Only one stretch of lines is wanted: the line with "This June 3, 2018" through the final line of the material. Restate it word for word, minus pictures.
START The data
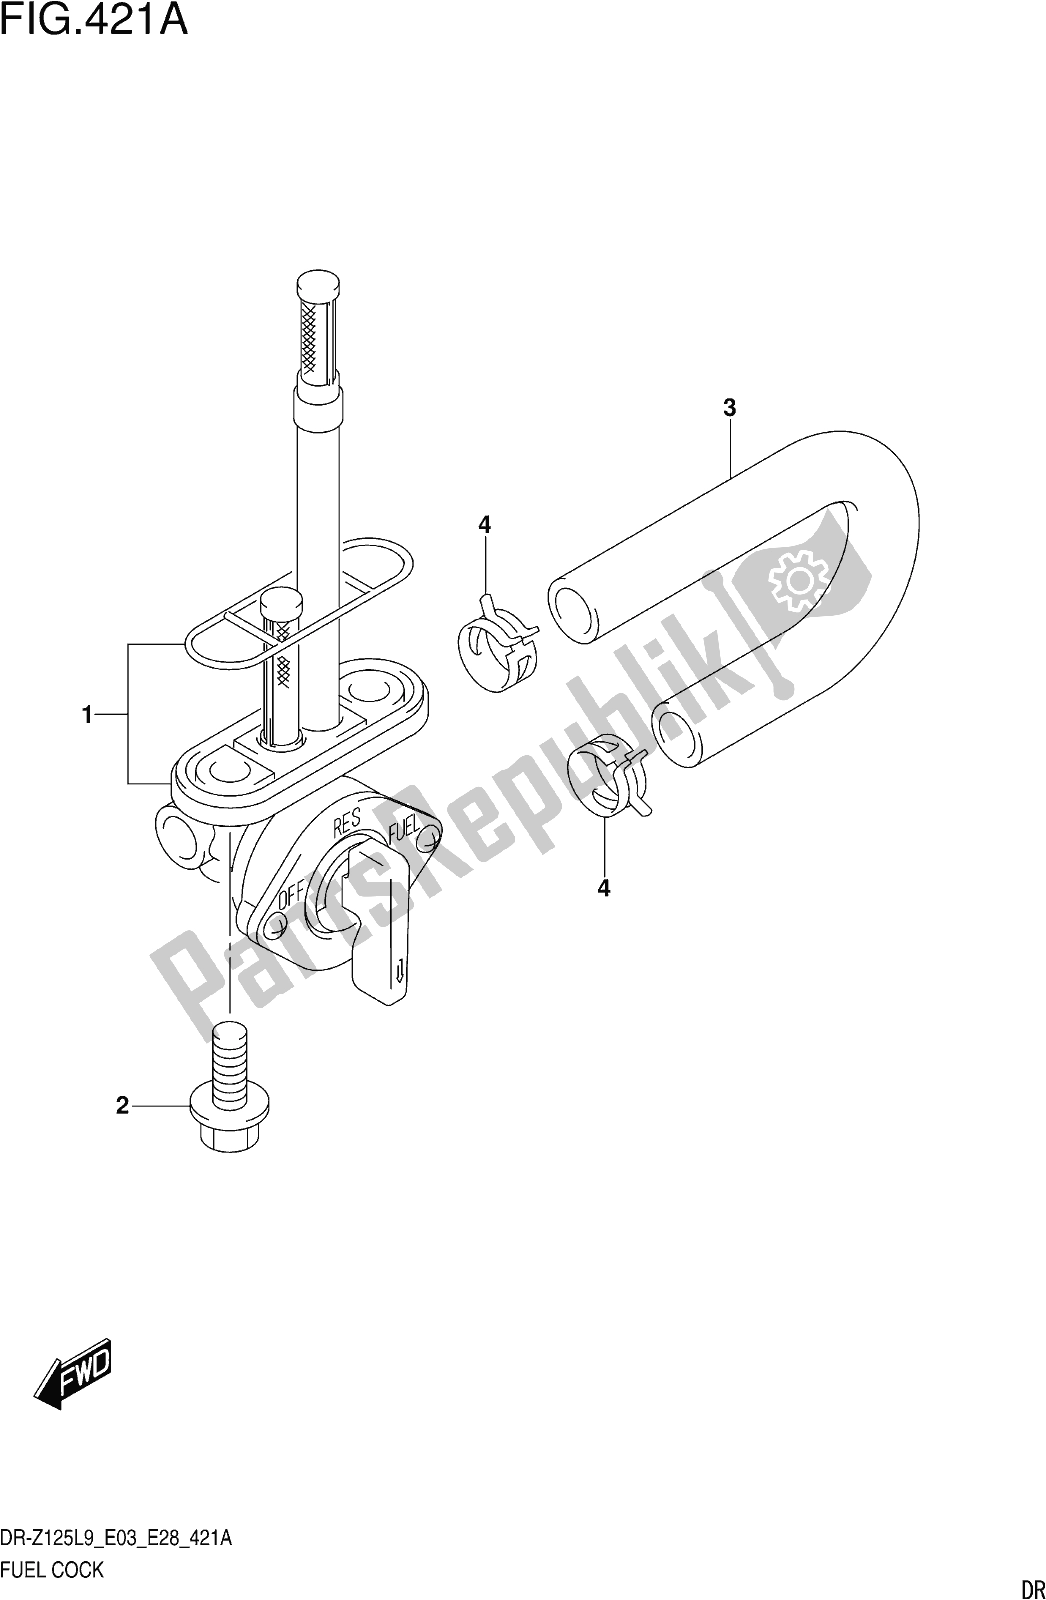 All parts for the Fig. 421a Fuel Cock of the Suzuki DR-Z 125 2019
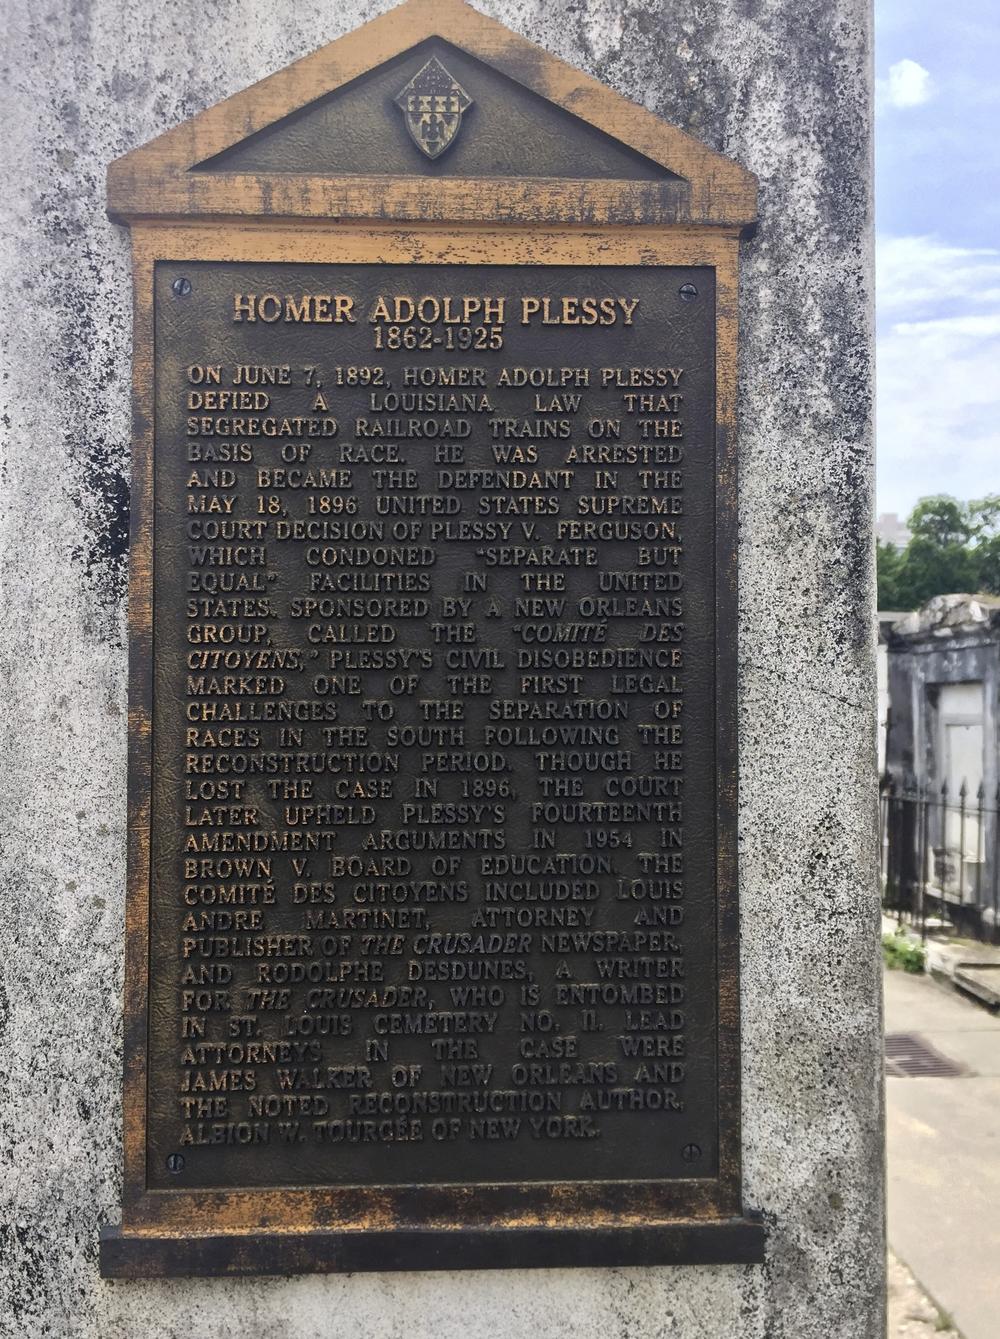 This June 3, 2018 photo shows a marker on the burial site for Homer Plessy at St. Louis No. 1 Cemetery in New Orleans.
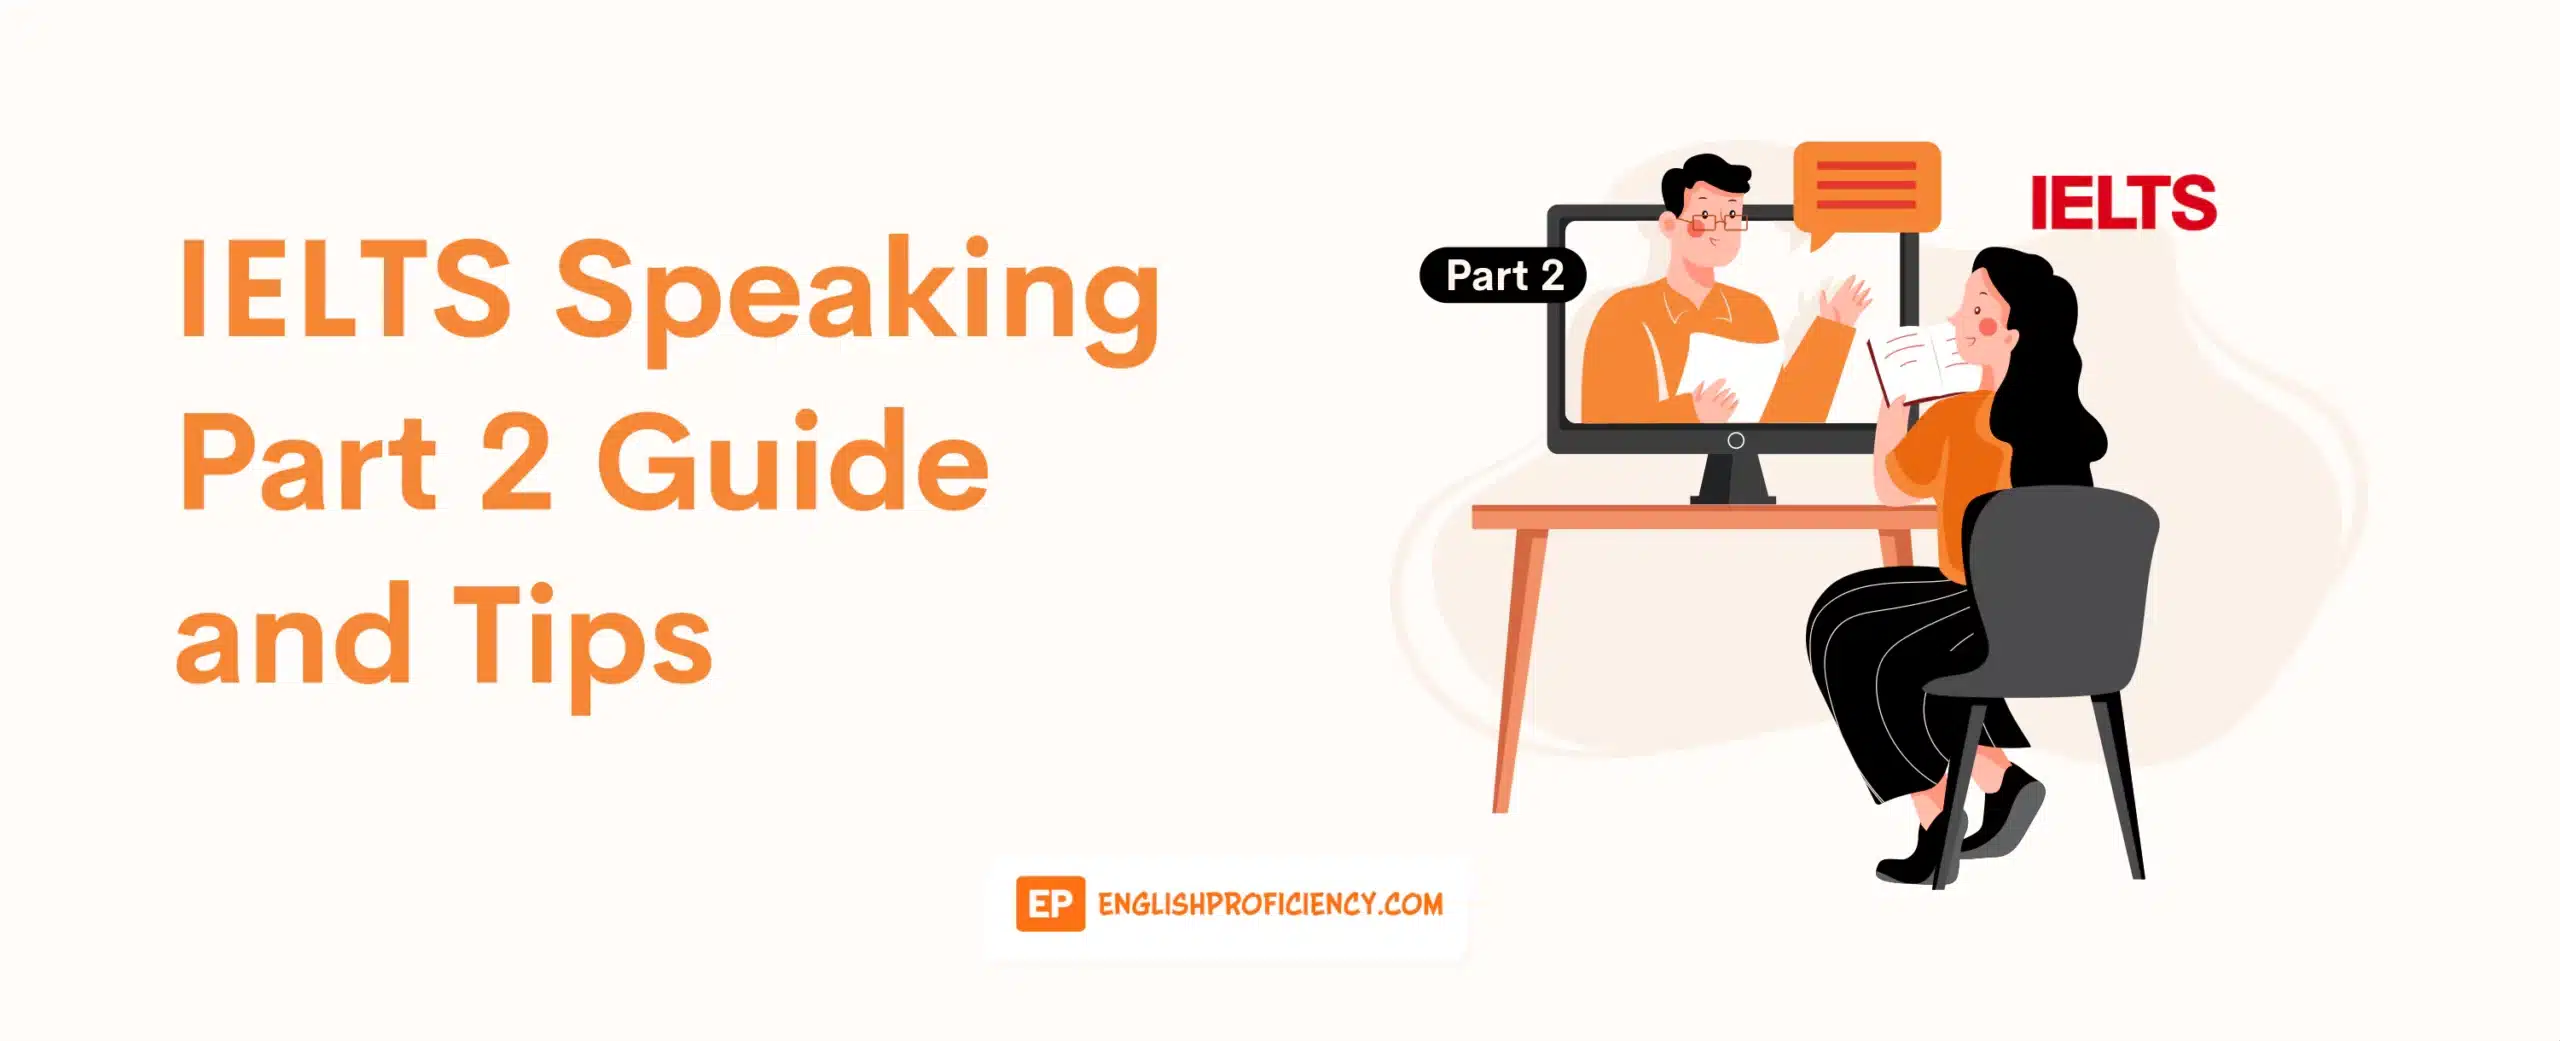 IELTS Speaking Part 2 Guide and Tips
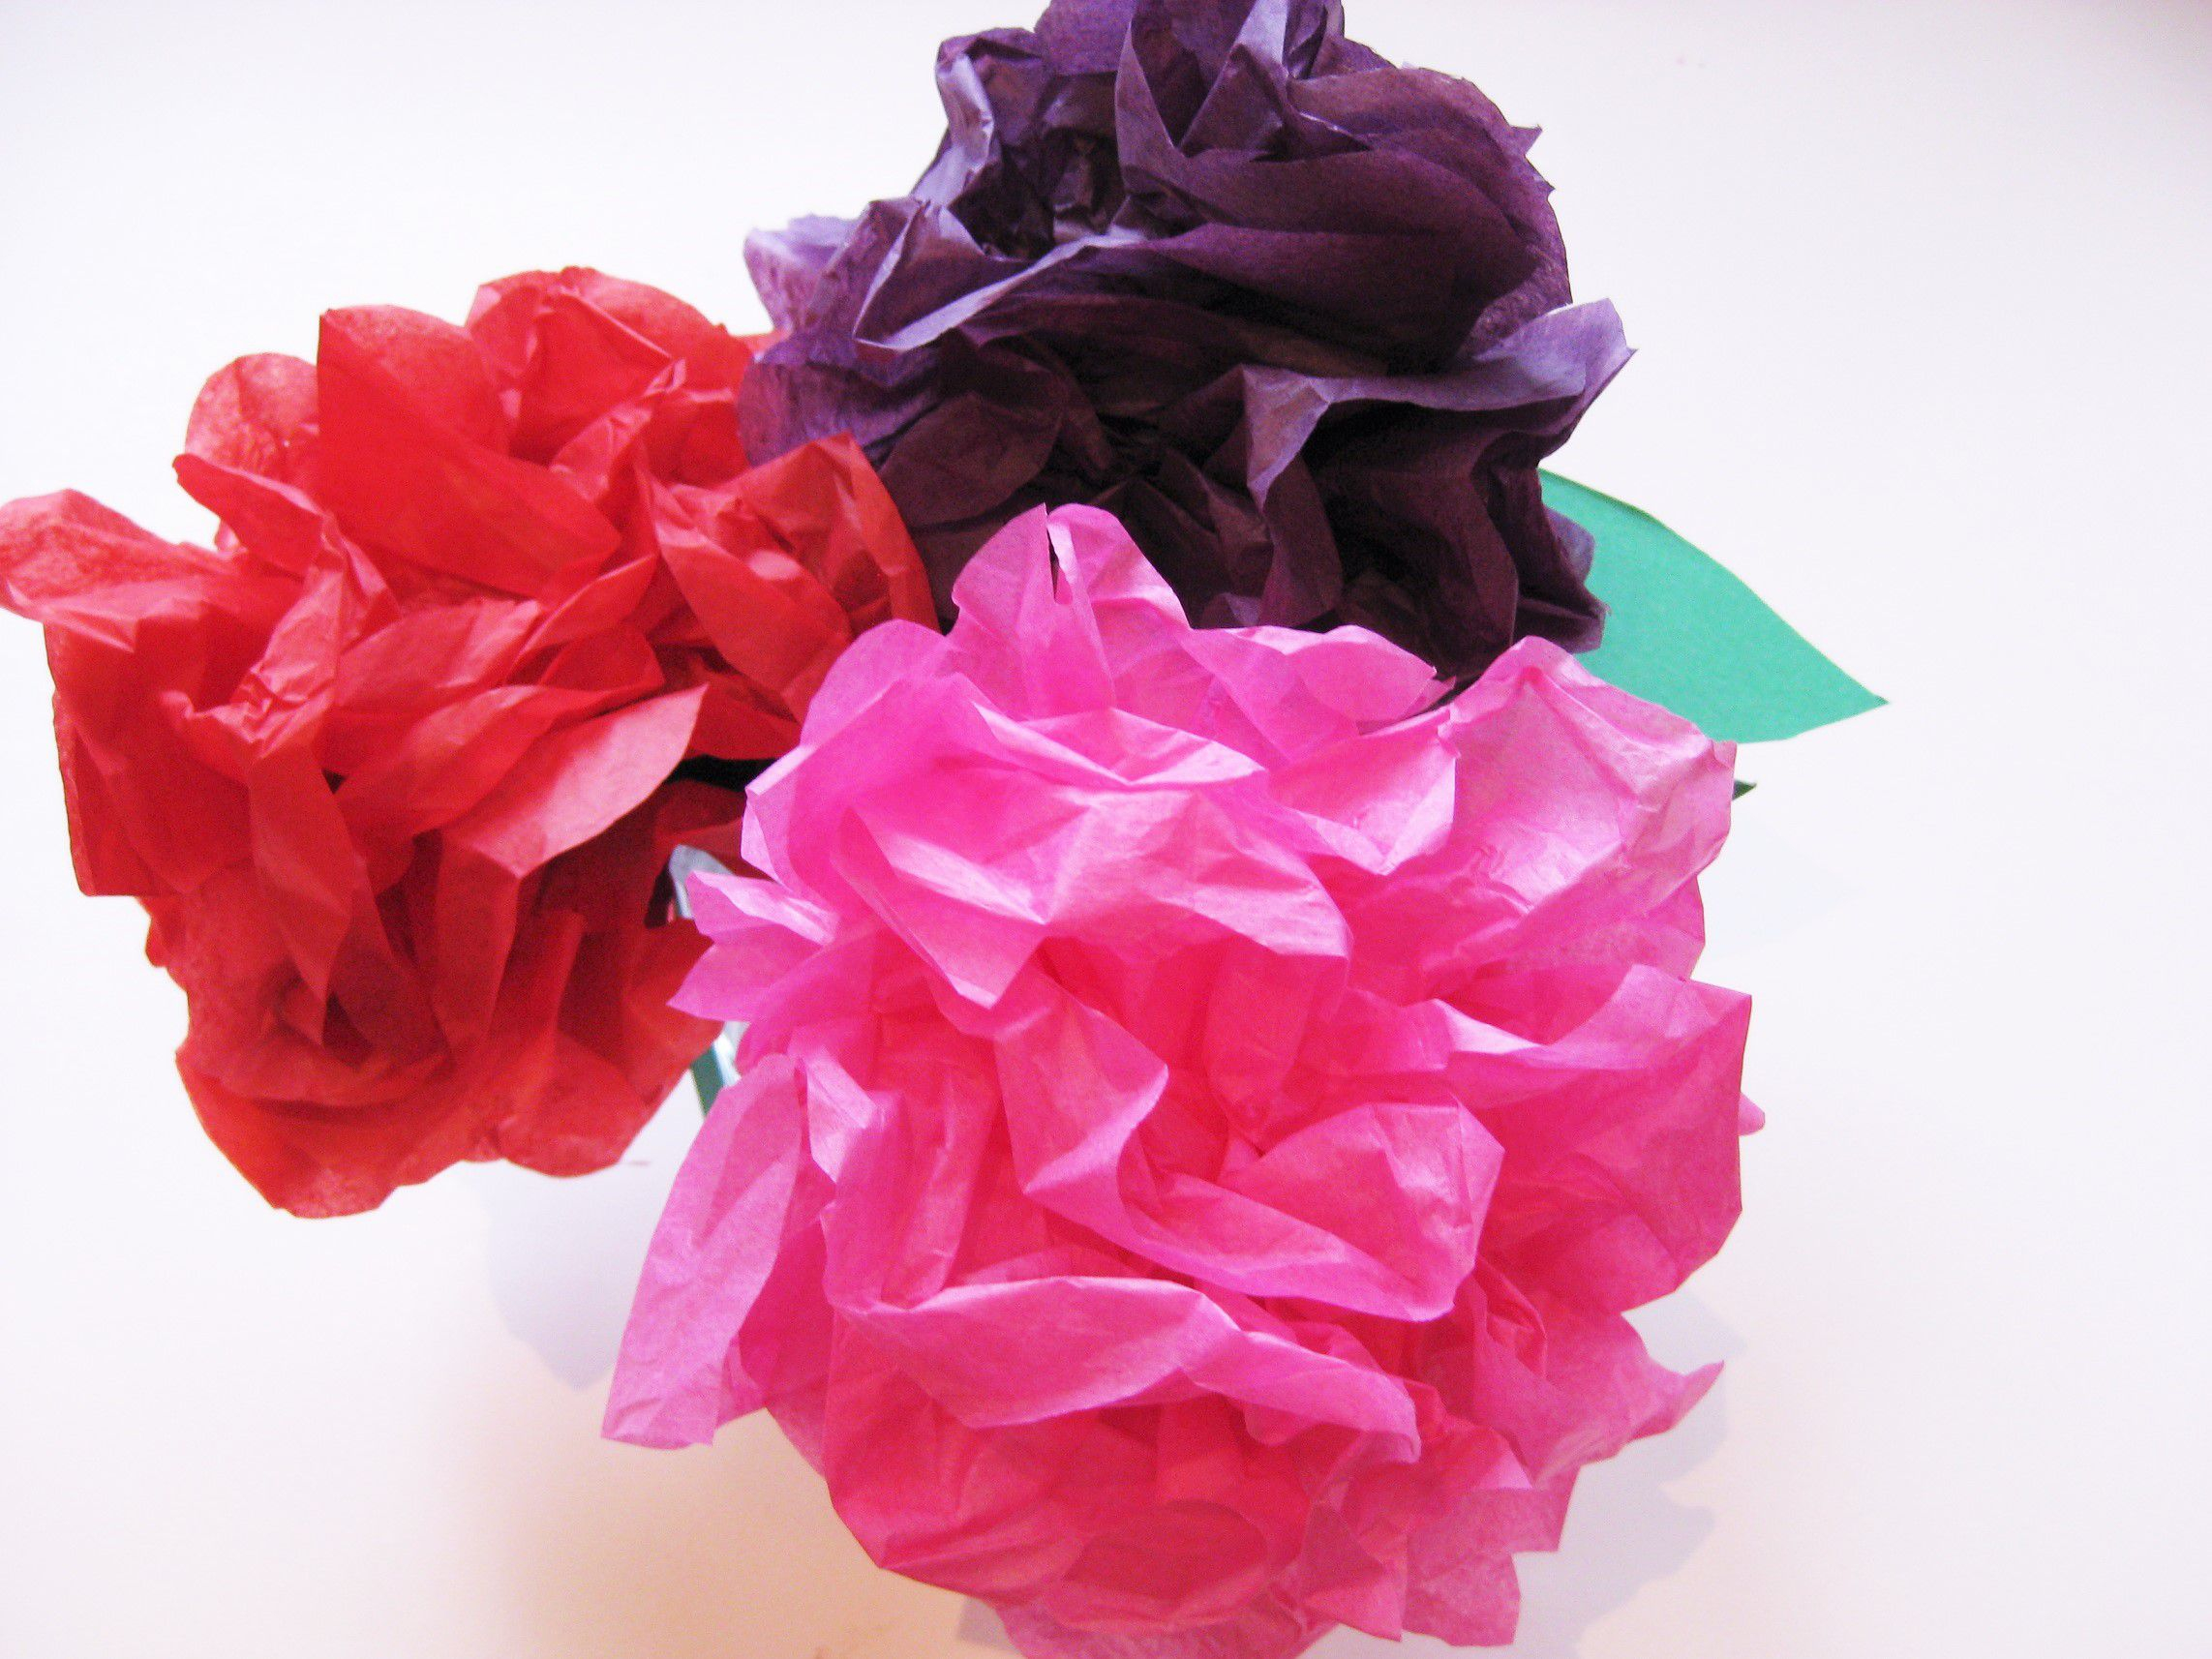 How To Make Flowers With Origami Simple Steps To Craft Tissue Paper Flowers
END The data
* _Solution to this exercise_:
 This June 3, 2018 photo shows a marker on the burial site for Homer Plessy at St. Louis No. 1 Cemetery in New Orleans.
 IELTS Speaking Part 2 Guide and Tips
 How To Make Flowers With Origami Simple Steps To Craft Tissue Paper Flowers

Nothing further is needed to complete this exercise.